Unstoppable awards juggernaut "Argo" won yet another award Saturday night as New York screenwriter Chris Terrio, Wired journalist Joshuah Bearman ("The Great Escape") and ex-CIA analyst Tony Mendez ("The Master of Disguise") won USC's 25th annual Scripter Award. The Scripters go to adapted scripts as well as the original writers. It may have been just as well that the expected Scripter winners, "Team of Rivals" author Doris Kearns Goodwin and "Lincoln" screenwriter Tony Kushner, were snowed in on the East Coast.

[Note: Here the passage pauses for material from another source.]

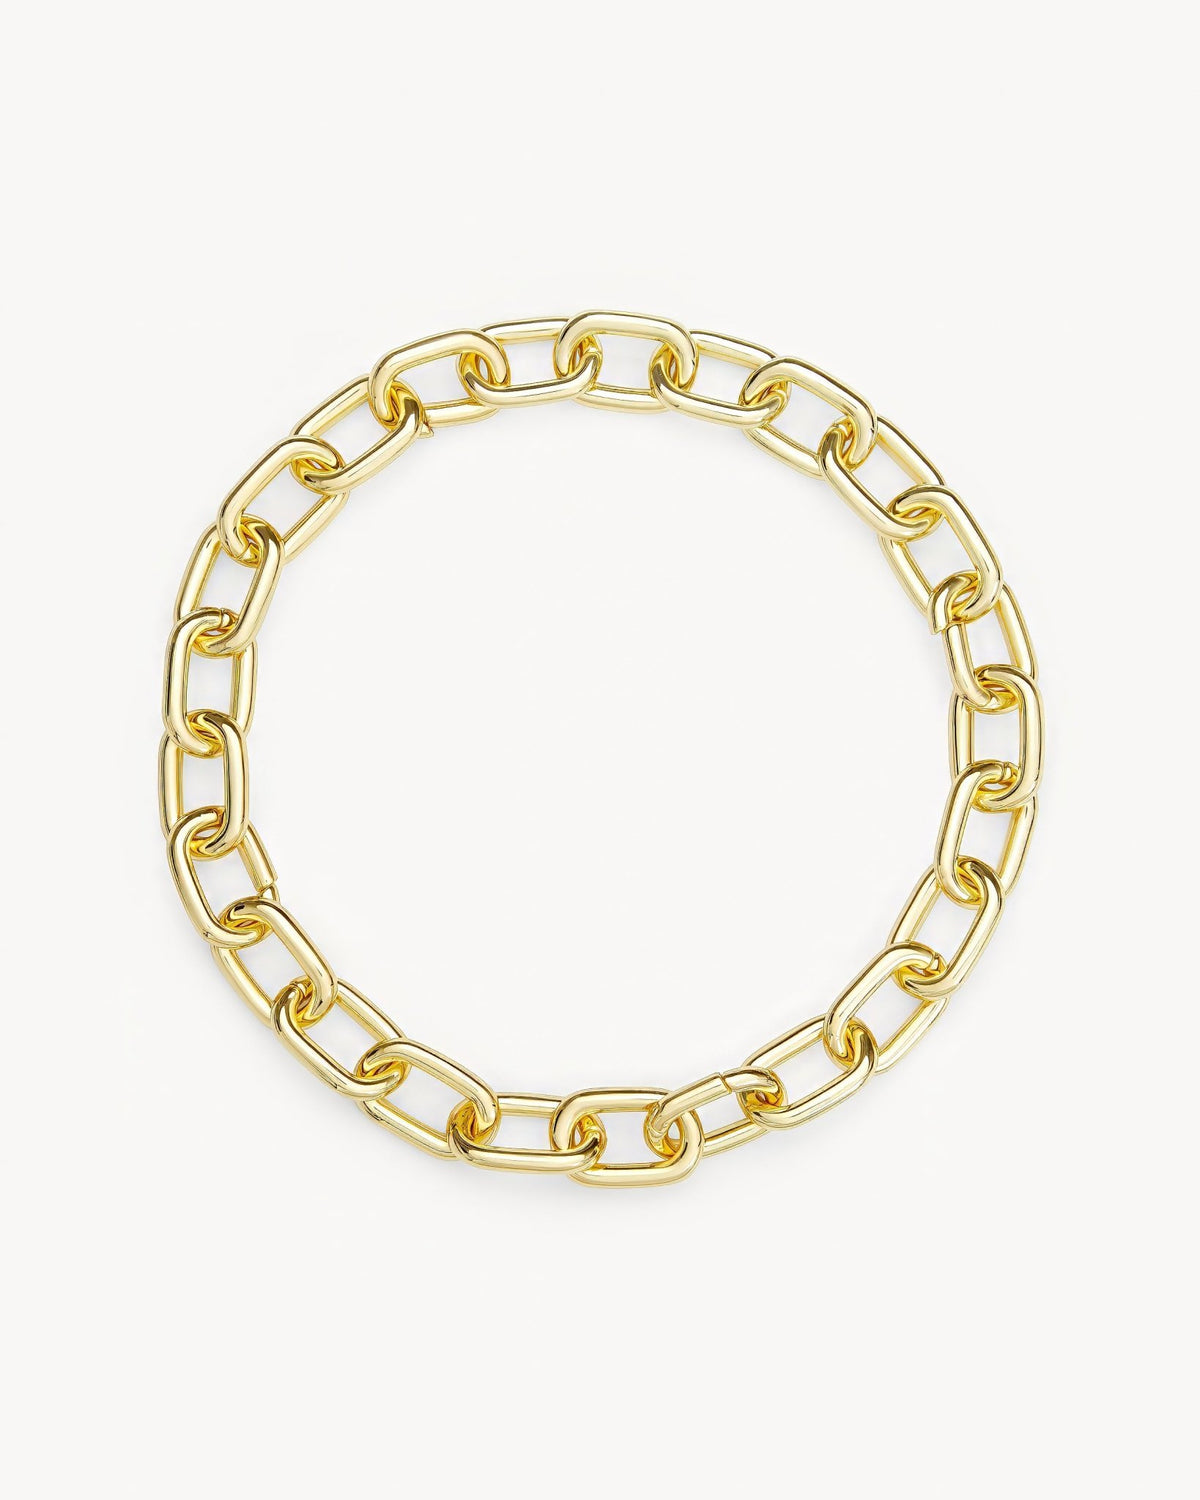 Interchangeable Link Necklace in 14k Gold

"We're an anxious breed," said Bearman as he accepted for the BAFTA-bound Terrio and Mendez. Adaptations are scary, he added. But in this case producer David Klawans, who encouraged him to write the Tony Mendez story after it became declassified in 1997, saying it would make a great movie, and Smokehouse's Grant Heslov and George Clooney, who optioned the material adapted by Terrio, and finally director Ben Affleck delivered a movie he could be proud of, Bearman said.
The question is whether this award, which is voted on by 41 critics, screenwriters and film professionals (including me), suggests that the movie is heading toward another upset over "Lincoln" at the Writers Guild next week --not to mention the adapted screenplay Oscar. "Argo" was one of six Scripter nominees including "Beasts of the Southern Wild," "Life of Pi," "Lincoln," "The Perks of Being a Wallflower" and "Silver Linings Playbook."

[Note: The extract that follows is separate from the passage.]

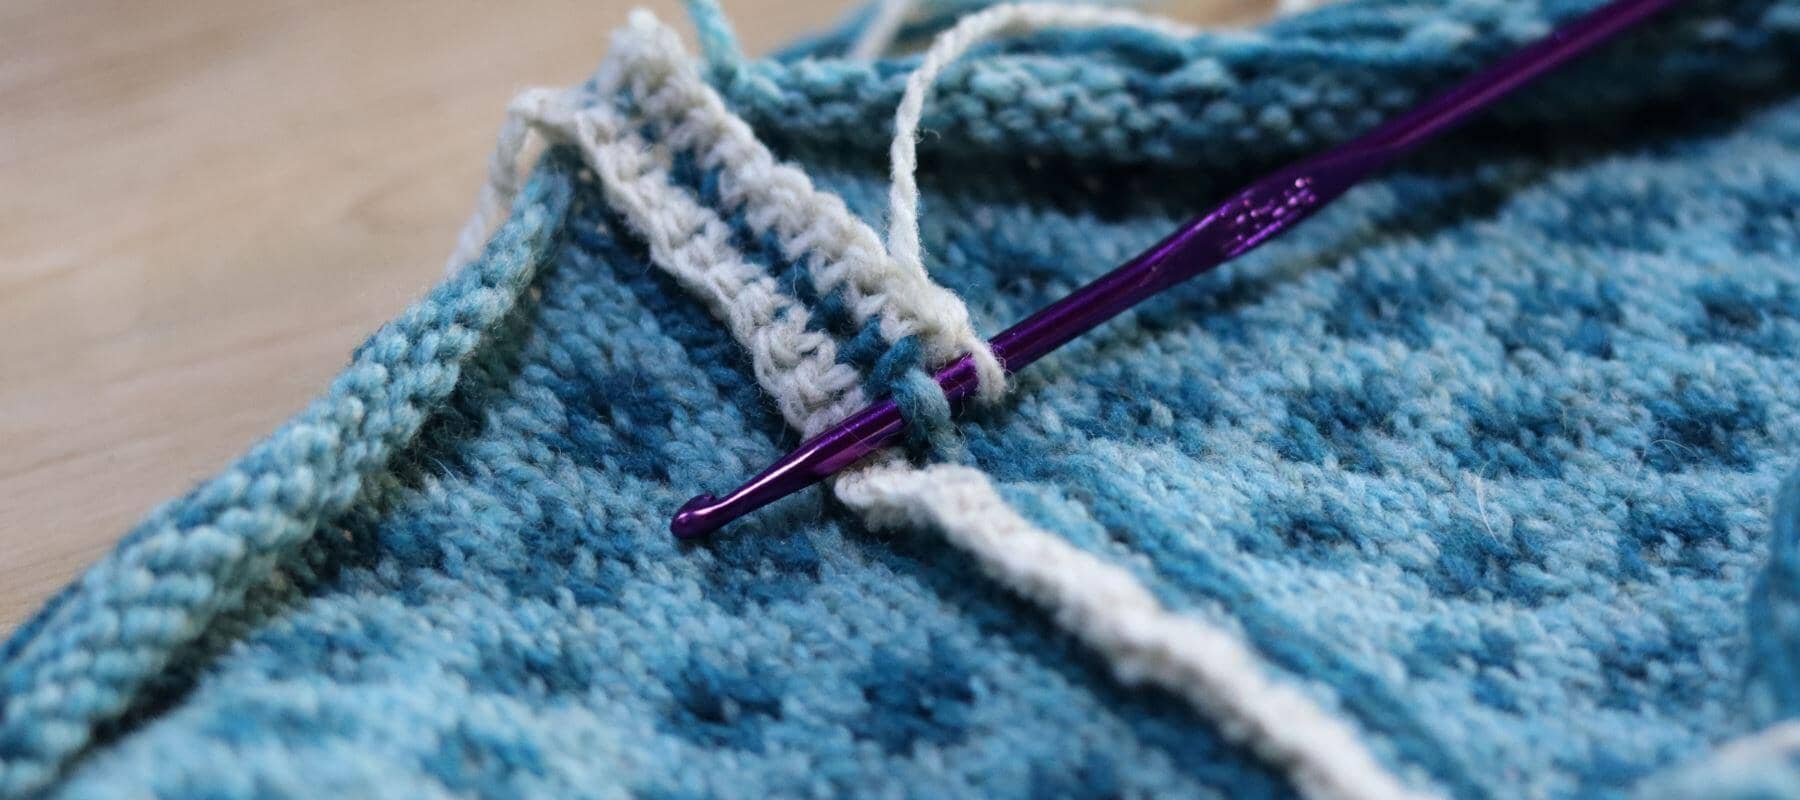 Mastering Steeking: Conquer Your Yarn Fears with Confidence

Every year the USC libraries mount the elegant fundraiser dinner at the book-lined Doheny Library. The dinner looks like "Hogwarts on steroids," said USC Libraries board president Glenn Sonnenberg.
The other winners Saturday, accepting the USC Scripter Literary Achievement Award, were writing partners Larry McMurtry and Diana Ossana. Films garnered from McMurtry's writing ("Hud," "The Last Picture Show," "Terms of Endearment," "Brokeback Mountain") have won 13 Oscars over the years.
Variety broke the news at 7 am that "Argo" had won the Scripter, breaking the embargo, and then removed the link, posting again at 10:45 PM. Other media showed up to cover the awards live.
"Bureaucracies and organizations make it hard to do the right thing sometimes," Terrio told THR. "So ultimately I hope that this movie is kind of about somebody trying to do the right thing amidst a lot of reasons not to."